If you’ve been in Tanzania, you’ve probably heard some foreigner say something to this effect: The reason that Tanzania lags behind in some areas is that the kids learn Swahili instead of English.
On the surface, this makes at least some amount of sense. It may be (let me rephrase: it is) completely unfair and the result of a history of imperialism and exploitation, but nevertheless ignorance of English is a huge handicap if you want to get keyed into the global economy these days. More than that: English, this crappy, haphazard mongrel of a language, represents power. Without it, you are weak, vis-à-vis the rest of the world. And many Tanzanians struggle with English.
All that may be true, and yet, the comment that Tanzanians “should” learn English strikes me as seductive but treacherous. What I read between the lines when people (Americans) say that is that Tanzanian culture is inferior and prevents them from developing. (Believe it or not, I’ve heard that exact argument — basically that people live slovenly here because their culture does not encourage industriousness — from well-educated people.)
It also betrays an ignorance about some basic aspects of Tanzanian history. I don’t expect everyone in the world to know this — and I’m no expert on Tanzanian history myself — but if you come here you should at least know that Tanzania’s Swahili identity is one of the aspects of the country about which people here are most proud. The Swahili identity is a symbol for unity — no Kenya-style election violence here, nor land ownership tied up in ethnicity. It is also a symbol for freedom and resistance to colonial oppression. Besides the Arabic-speaking countries (and I guess there’s no reason they should be counted separately) Tanzania is the only African country to have adopted a tongue that is not the language of a colonizer as a national language that is the true standard in courts and government.

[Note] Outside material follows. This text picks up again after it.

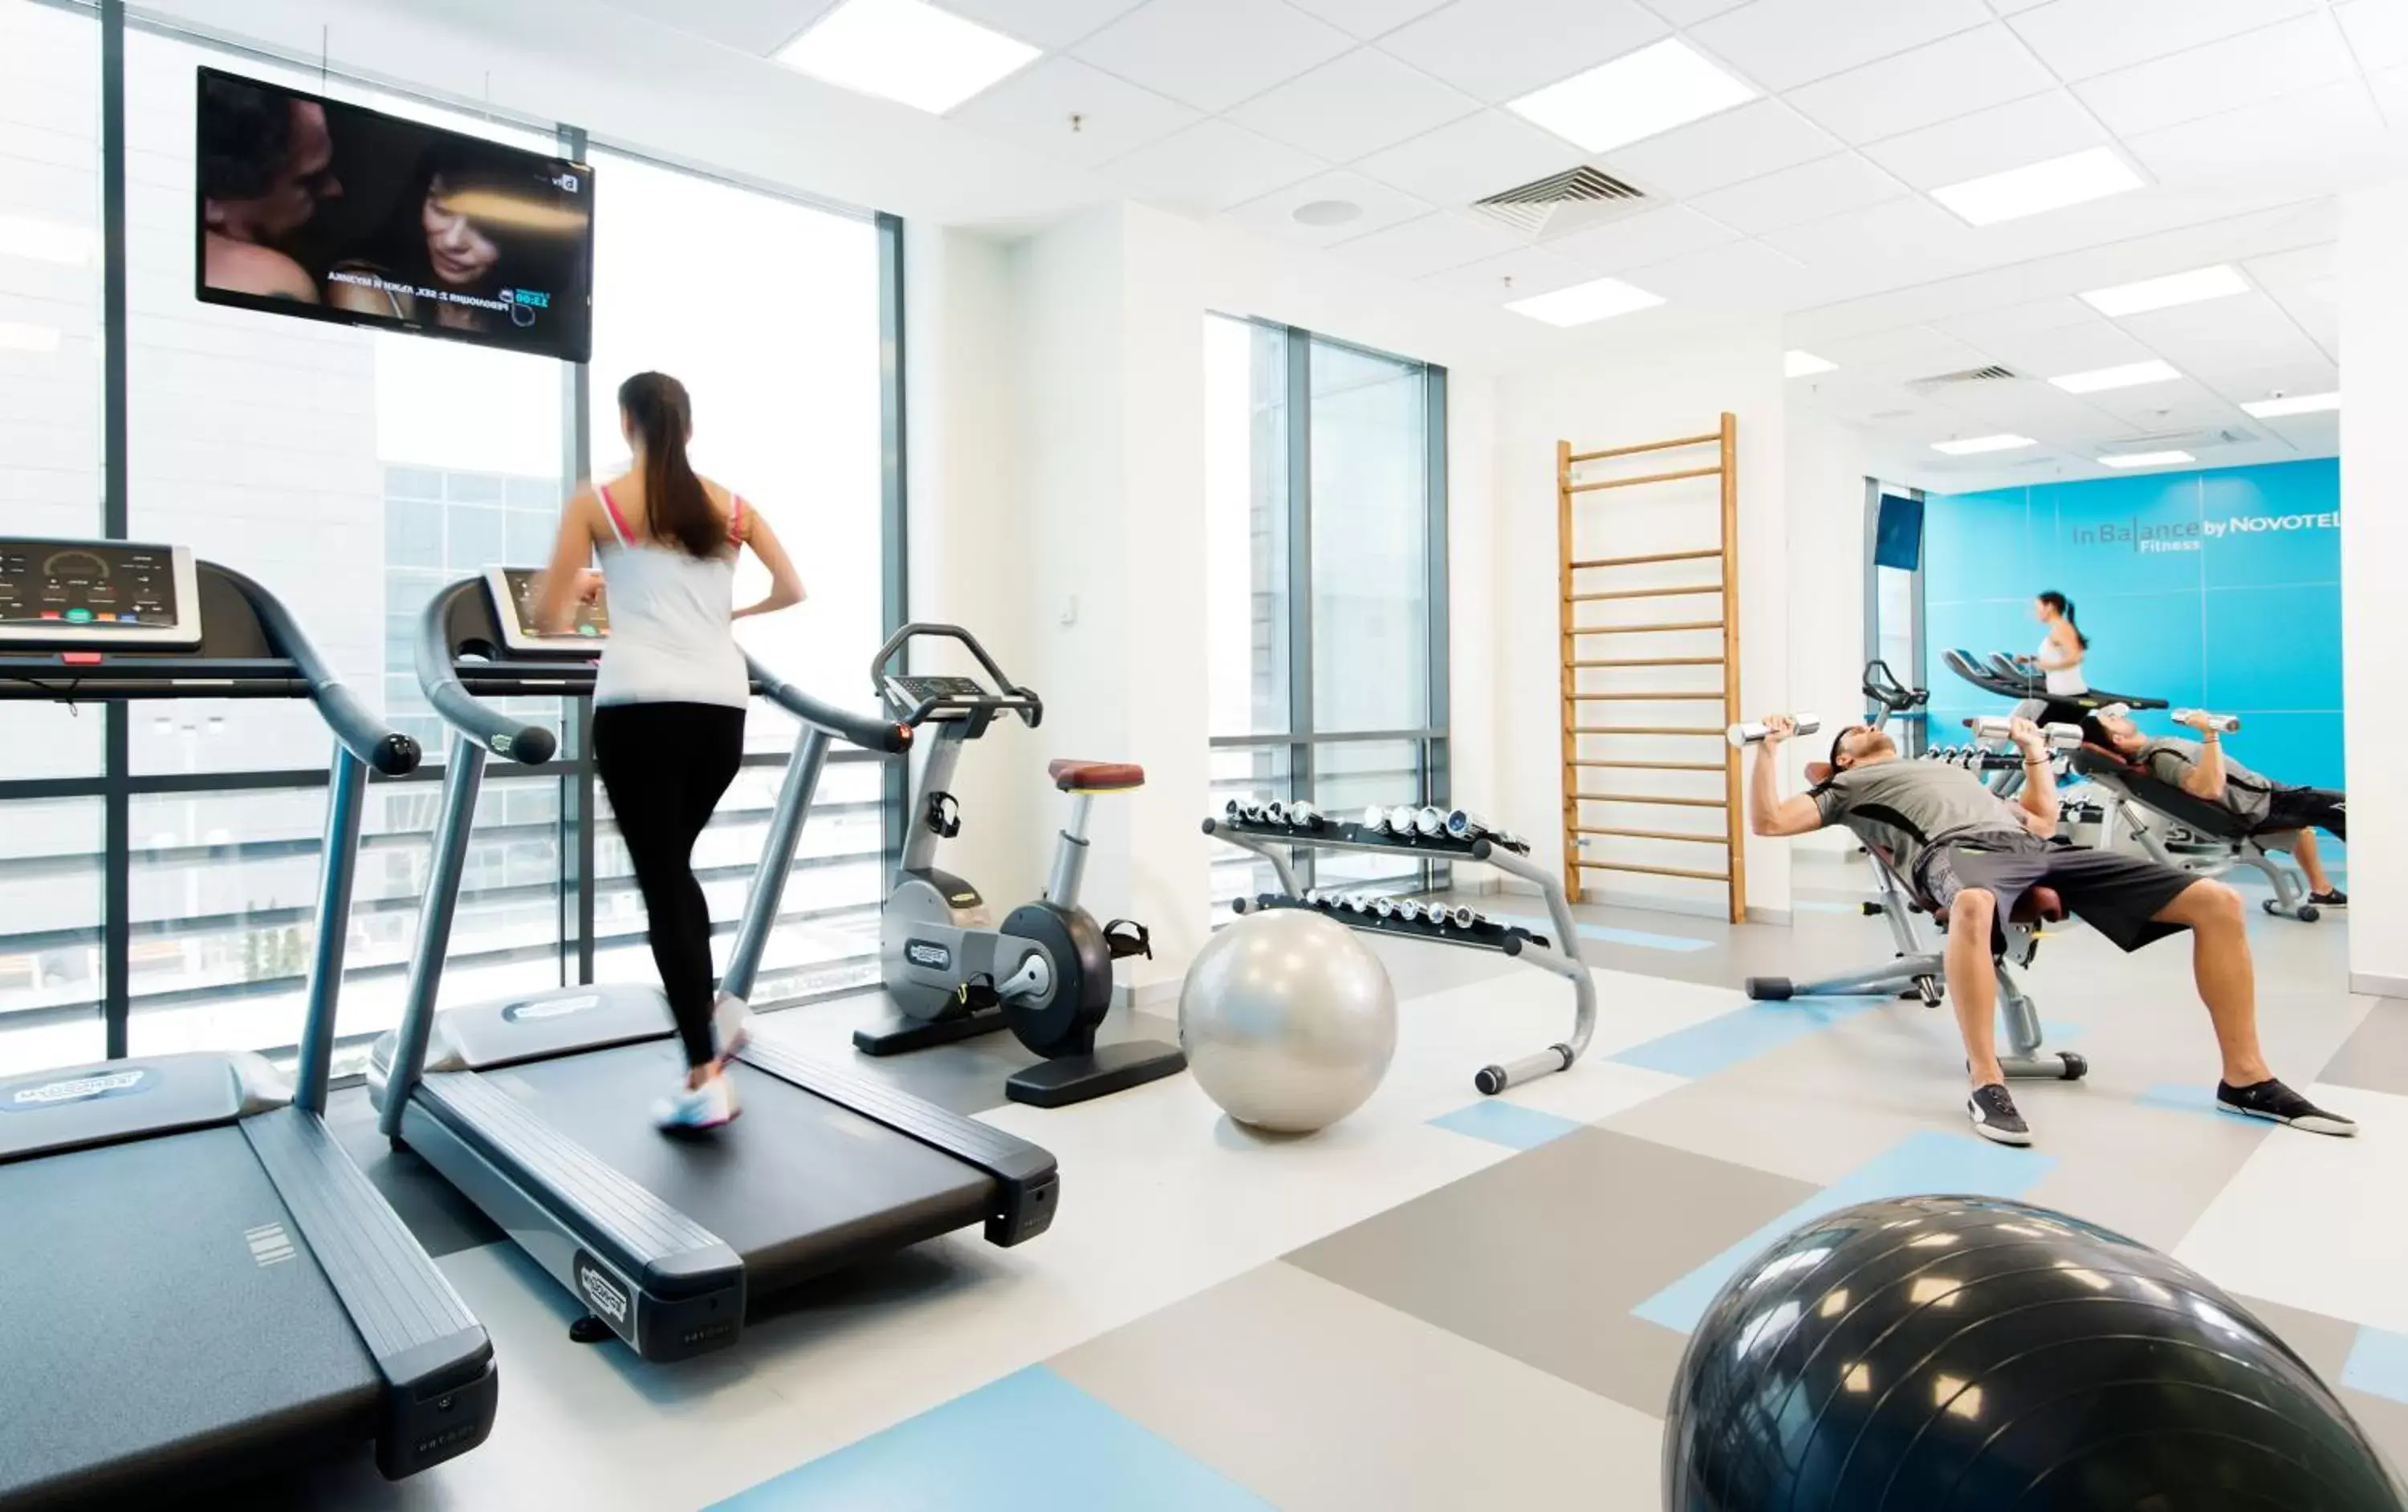 Fitness centre/facilities, Fitness Center/Facilities in Novotel Sofia
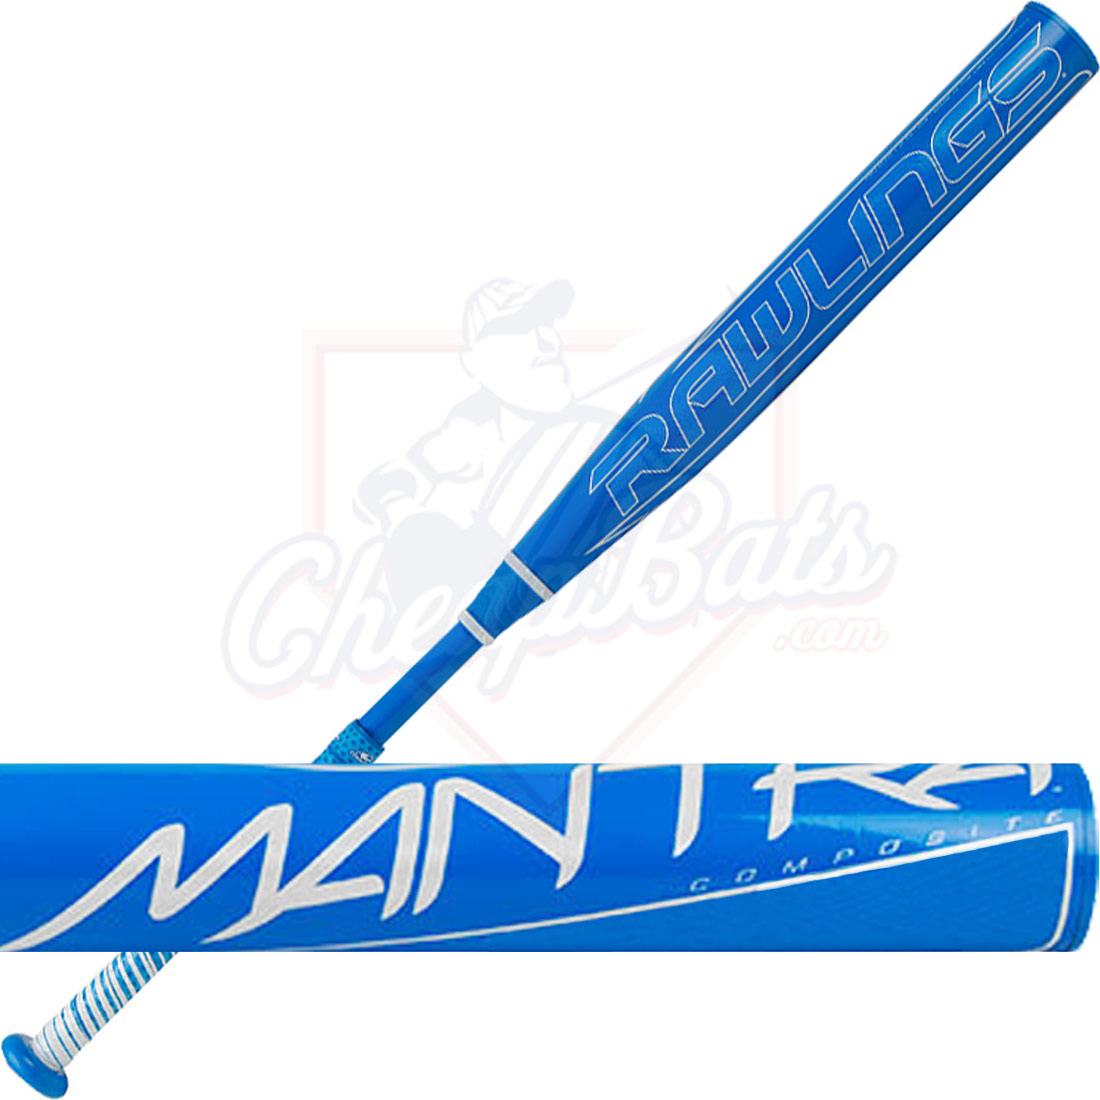 2021 Rawlings Mantra Fastpitch Softball Bat -10oz FP1M10

I think that’s something to feel pretty good about if you’re Tanzanian. And everybody I’ve talked to, from globally aware local officials in Mbeya to the guy who sat next to me for 14 unfortunate hours on a bus the other day (and told me about the damage witchcraft does and the inhumanity of homosexuals — first John McCain-supporting Tanzanian I’ve met), recognize this. Identity is the most important thing, they say. Swahili is our national language — people say this with a look of happiness and satisfaction. It reflects the progressiveness of Mwalimu Nyerere.
Now, I’m all for bilingual education. (In fact, my friends Ken Schneider and Marcia Jarmel released an excellent documentary this year, called Speaking in Tongues, that convincingly shows why it is better for everyone.) But the reinforcement of English should be a Tanzanian decision, and should not come at the expense of Swahili. Most people I’ve spoken to here are fully in favor of better English being taught in schools.
They should not be subjected to foreigners telling them that their language — or their culture, or their genes, or anything else we consider essential to the self — is holding them back. A strong Swahili identity is a form of liberation.